BEGIN
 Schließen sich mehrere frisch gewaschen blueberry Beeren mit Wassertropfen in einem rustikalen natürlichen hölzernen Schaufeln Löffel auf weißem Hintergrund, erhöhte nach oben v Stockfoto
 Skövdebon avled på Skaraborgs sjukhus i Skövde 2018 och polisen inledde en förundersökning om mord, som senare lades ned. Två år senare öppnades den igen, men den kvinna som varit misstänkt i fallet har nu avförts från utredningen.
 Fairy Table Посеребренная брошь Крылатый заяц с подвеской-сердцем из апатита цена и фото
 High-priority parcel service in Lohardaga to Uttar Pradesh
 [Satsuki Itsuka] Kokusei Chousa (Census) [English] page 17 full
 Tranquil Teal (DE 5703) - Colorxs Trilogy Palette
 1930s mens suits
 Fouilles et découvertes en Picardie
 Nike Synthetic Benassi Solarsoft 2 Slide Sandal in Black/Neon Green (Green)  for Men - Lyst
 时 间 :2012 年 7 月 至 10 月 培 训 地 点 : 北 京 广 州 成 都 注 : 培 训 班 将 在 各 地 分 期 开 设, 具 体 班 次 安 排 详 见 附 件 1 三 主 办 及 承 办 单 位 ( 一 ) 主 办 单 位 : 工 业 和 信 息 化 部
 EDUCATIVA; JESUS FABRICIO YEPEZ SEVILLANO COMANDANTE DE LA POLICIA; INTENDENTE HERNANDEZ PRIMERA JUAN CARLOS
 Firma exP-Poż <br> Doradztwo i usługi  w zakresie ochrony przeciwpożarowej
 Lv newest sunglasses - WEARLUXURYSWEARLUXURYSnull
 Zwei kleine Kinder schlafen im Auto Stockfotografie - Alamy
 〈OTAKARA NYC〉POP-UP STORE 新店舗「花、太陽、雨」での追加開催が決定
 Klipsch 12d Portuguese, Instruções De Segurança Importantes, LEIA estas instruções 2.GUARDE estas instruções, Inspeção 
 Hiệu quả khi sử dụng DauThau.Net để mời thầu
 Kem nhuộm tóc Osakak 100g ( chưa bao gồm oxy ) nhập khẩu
END
• BRIEF
Every single line of the listing must be retyped exactly.

• OUTPUT
 Schließen sich mehrere frisch gewaschen blueberry Beeren mit Wassertropfen in einem rustikalen natürlichen hölzernen Schaufeln Löffel auf weißem Hintergrund, erhöhte nach oben v Stockfoto
 Skövdebon avled på Skaraborgs sjukhus i Skövde 2018 och polisen inledde en förundersökning om mord, som senare lades ned. Två år senare öppnades den igen, men den kvinna som varit misstänkt i fallet har nu avförts från utredningen.
 Fairy Table Посеребренная брошь Крылатый заяц с подвеской-сердцем из апатита цена и фото
 High-priority parcel service in Lohardaga to Uttar Pradesh
 [Satsuki Itsuka] Kokusei Chousa (Census) [English] page 17 full
 Tranquil Teal (DE 5703) - Colorxs Trilogy Palette
 1930s mens suits
 Fouilles et découvertes en Picardie
 Nike Synthetic Benassi Solarsoft 2 Slide Sandal in Black/Neon Green (Green)  for Men - Lyst
 时 间 :2012 年 7 月 至 10 月 培 训 地 点 : 北 京 广 州 成 都 注 : 培 训 班 将 在 各 地 分 期 开 设, 具 体 班 次 安 排 详 见 附 件 1 三 主 办 及 承 办 单 位 ( 一 ) 主 办 单 位 : 工 业 和 信 息 化 部
 EDUCATIVA; JESUS FABRICIO YEPEZ SEVILLANO COMANDANTE DE LA POLICIA; INTENDENTE HERNANDEZ PRIMERA JUAN CARLOS
 Firma exP-Poż <br> Doradztwo i usługi  w zakresie ochrony przeciwpożarowej
 Lv newest sunglasses - WEARLUXURYSWEARLUXURYSnull
 Zwei kleine Kinder schlafen im Auto Stockfotografie - Alamy
 〈OTAKARA NYC〉POP-UP STORE 新店舗「花、太陽、雨」での追加開催が決定
 Klipsch 12d Portuguese, Instruções De Segurança Importantes, LEIA estas instruções 2.GUARDE estas instruções, Inspeção 
 Hiệu quả khi sử dụng DauThau.Net để mời thầu
 Kem nhuộm tóc Osakak 100g ( chưa bao gồm oxy ) nhập khẩu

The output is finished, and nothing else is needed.